This is an article i wrote for the more advanced players who use mathhammer frequently.


When a player works out mathhammer, 99% of the time they will use averages rather than the actual odds.

My goal is to show people that averages aren't always the best thing to go by, and that people should use the Odds instead.

For the people that are confused...

Averages - The average number of models you will kill.
Odds - The chances of you killing a model(s).


Lets take an example....

Lets say you have a 10-man unit of Tactical Marines who are rapid firing on a single Terminator.
Lets assume that 9 of them have Bolters, and that the Sergeant has some other weapon (lets ignore his weapon for the purposes of this example).

Now, first we will use the common mathhammer that 99% of people use... Averages.

9 Marines will have 18 shots
12 hit
6 wound
1 failed save


Now is where the problem comes in...
People will assume they should be able to wipe him out at this stage, which is a VERY POOR assumption to make.
Quite often they will be dissapointed when they dont kill it, and say things like "dam, he should have died".

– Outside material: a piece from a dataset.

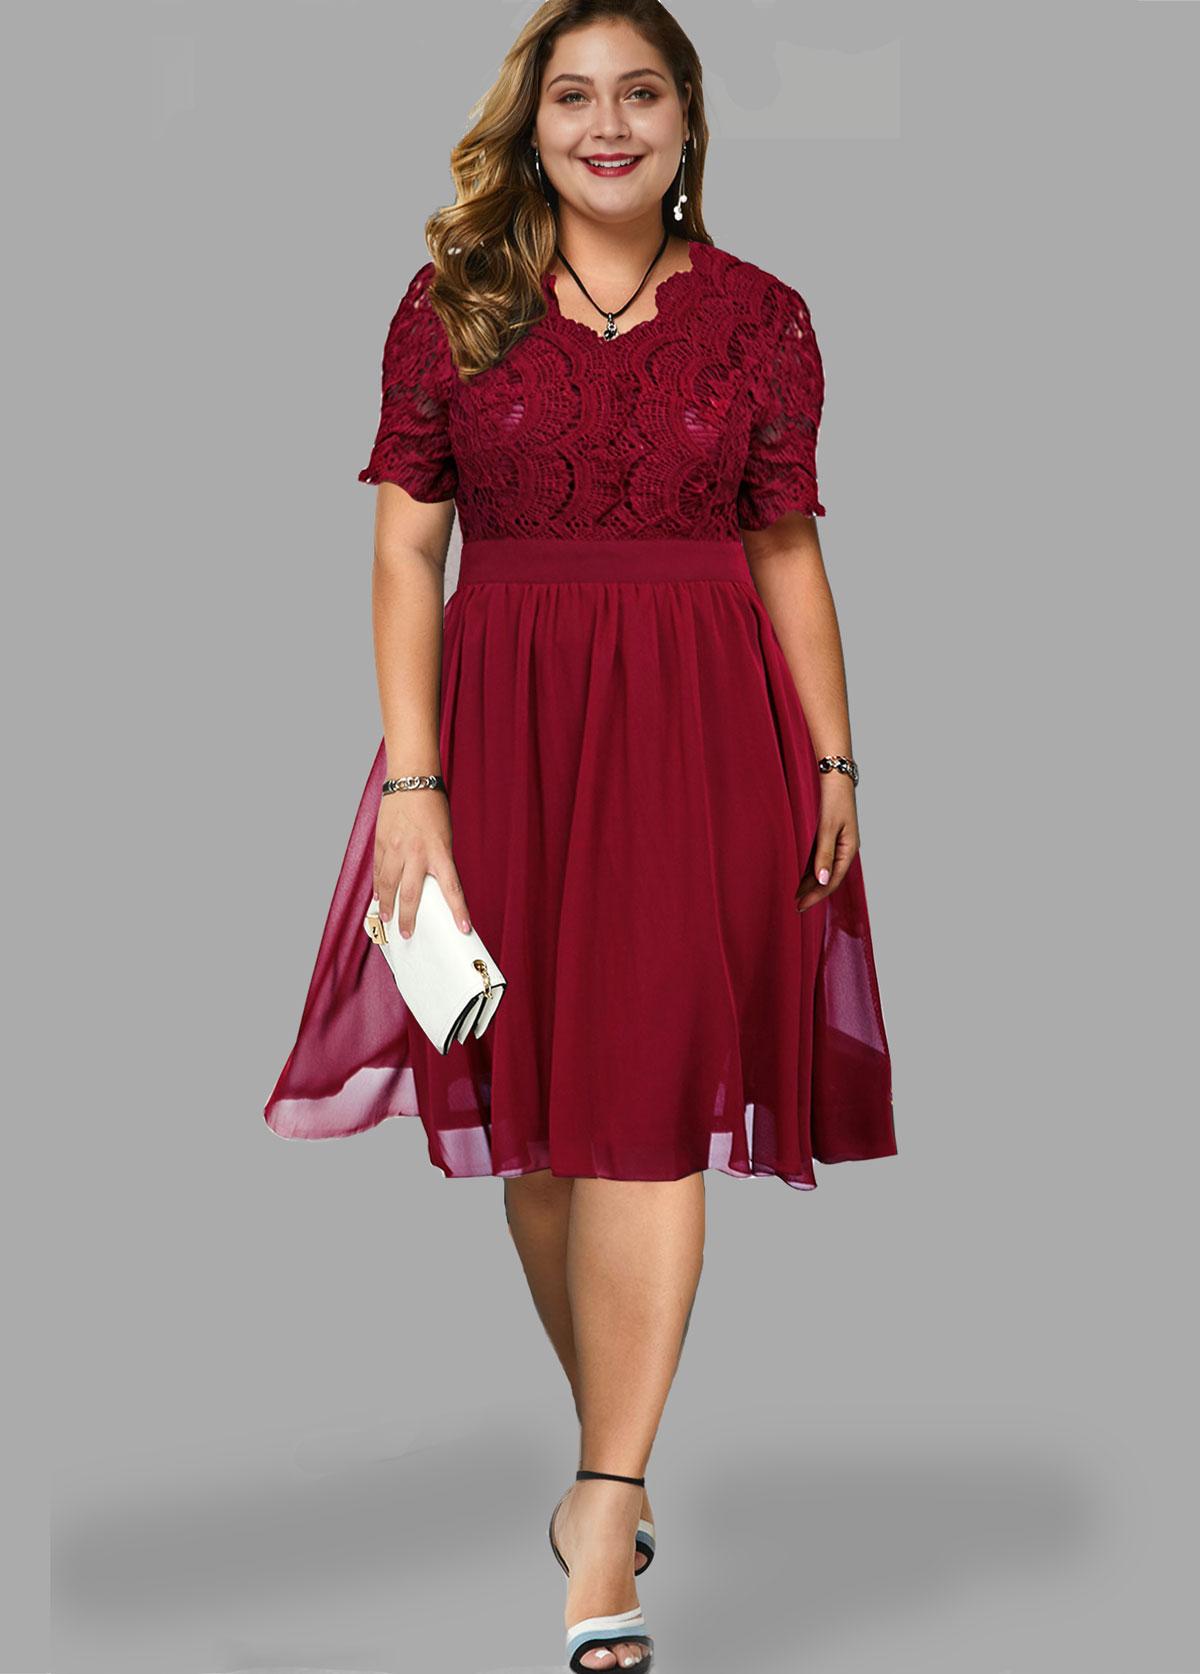 Lace Panel Short Sleeve Plus Size Dress

To prove why averages are a bad guide, lets work out the same situation with the actual Odds...

For a single bolter shot to kill a Terminator, the chances are 2/3 to hit * 1/2 to wound * 1/6 failed saves.
(2/3)*(1/2)*(1/6)= 1/18.
If there is a 1/18 chance for a single bolter shot to kill a Terminator, then there is a 17/18 chance for a single bolter shot NOT to kill a Terminator.

So for the chances of 18 bolter shots NOT to kill a Terminator, the chances are...
(Odds for single shot to miss)^(Number of shots)
(17/18)^18 = 35.7%

Therefore, there is a 64.3% chance to kill the Terminator with the 18 shots, and a 35.7% chance that you wont.





To further prove the advantages of Odds vs Averages, lets look at another example....

Lets take a squad of IG Veterans with 3 Meltaguns, and a Platoon Command Squad with 4 Meltaguns.
Lets assume that they are shooting at a T4 Independant Character with no Invulnerable save, with the hope of killing him outright.
Assuming you will only need the 1 Meltagun to hit (we will ignore the To Wound roll for simplicity purposes), which are you better off with?

The main thing here is to compare the BS with the number of shots.

First of all, lets use Averages to see what will happen....

3 shots at BS4
Average of 2 hits

4 shots at BS3
Average of 2 hits

Now people will say "wait, there is no difference between them, the odds are the same"..... WRONG!

Lets look at it using Odds....

(Odds for single shot to miss)^(Number of shots)

3 Shots at BS4
(1/3)^3 = 3.7%
Therefore, there is a 96.3% chance that at least 1 Meltagun will hit, and a 3.7% chance that they will ALL miss.

4 Shots at BS3
(1/2)^4 = 6.3%
Therefore, there is a 93.7% chance that at least 1 Meltagun will hit, and a 6.3% chance that they will ALL miss.


Yes, thats correct, you are actually almost TWICE AS LIKELY to miss 4 BS3 shots than you are of missing 3 BS4 shots, even though they will both score 2 hits on "average".





So in conclusion, averages are still ok to work out a majority of mathhammer as quick as possible.
But when it comes to needing that 1 wound, destroy that 1 tank, or anything else that is crucial to the outcome of the game, by using Odds rather than Averages you can calculate a far more accurate probability to maximize your tactical movement and target priority as much as possible.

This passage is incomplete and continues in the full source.